Stop Returning Flat Text from a PDF: The Relational Tables RAG Needs

2026-06-11 · Source: Towards Data Science · Field: Technology & Digital — Artificial Intelligence & Machine Learning, Data Science & Analytics, Software Development & Engineering · Depth: Intermediate, extended

Summary

This article describes a PDF parsing approach for RAG systems that models documents as a relational set of tables instead of flat text. It details eight specific DataFrames: toc_df, page_df, line_df, image_df, span_df, object_registry, cross_ref_df, and parsing_summary. These tables capture document structure, content, typography, images, and cross-references, enabling downstream RAG components (retrieval, generation, highlighting) to query structured data.
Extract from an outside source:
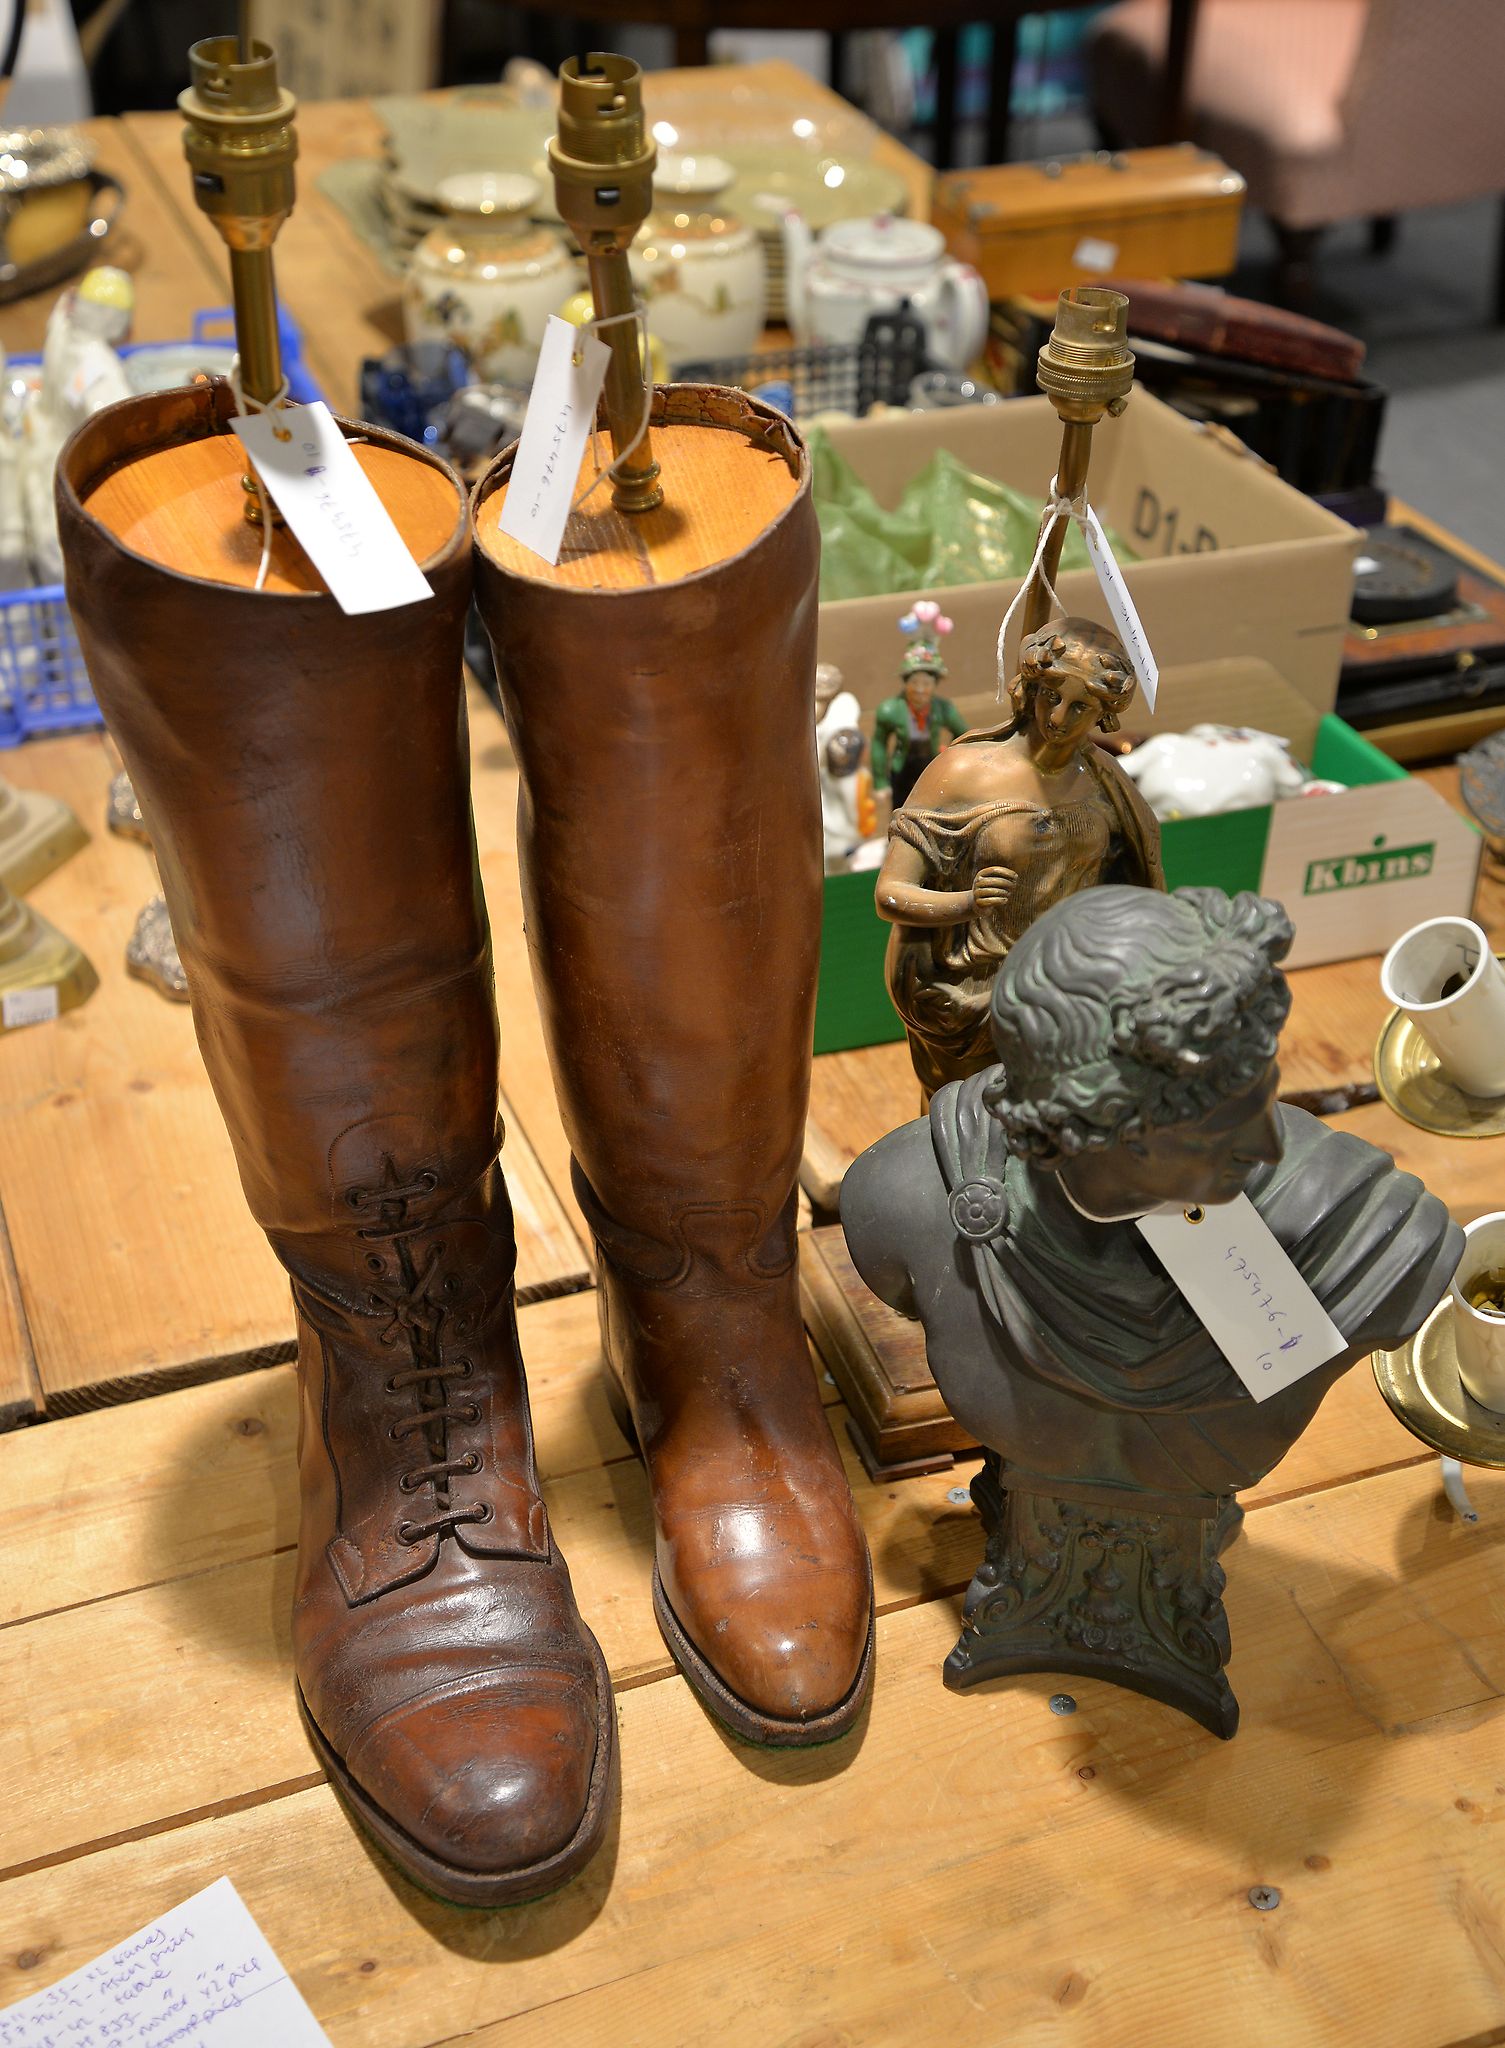 A figural lamp, resin bust, pair of boots

The parse_pdf function generates these linked tables, demonstrated on a 15-page LaTeX research paper ("Attention Is All You Need") and a 32-page NIST Cybersecurity Framework 2.0 document, showing consistent output structure. This method replaces costly re-parsing with efficient DataFrame queries, improving RAG pipeline performance and accuracy, especially for complex documents like contracts with tables.

Key takeaway

For AI Engineers building RAG pipelines for complex enterprise documents, you must move beyond simple text extraction. Implement a relational parsing approach that generates linked DataFrames like line_df and toc_df. This preserves critical structural and semantic information, preventing issues like lost table context. By caching these parsed tables, you significantly reduce re-parsing costs and enable more accurate, context-aware retrieval and generation, improving overall RAG system performance.

Key insights

PDF parsing for RAG should produce a relational set of linked tables, not flat text, to preserve document structure.

Principles

Model documents as relational tables.
line_df is the central source of truth.
Semantic signals improve retrieval.

Method

The parse_pdf function generates eight linked DataFrames (toc_df, page_df, line_df, image_df, span_df, object_registry, cross_ref_df, parsing_summary) from a PDF, enabling structured queries.

In practice

Use toc_df for section-level retrieval.
Filter line_df by column_position for tables.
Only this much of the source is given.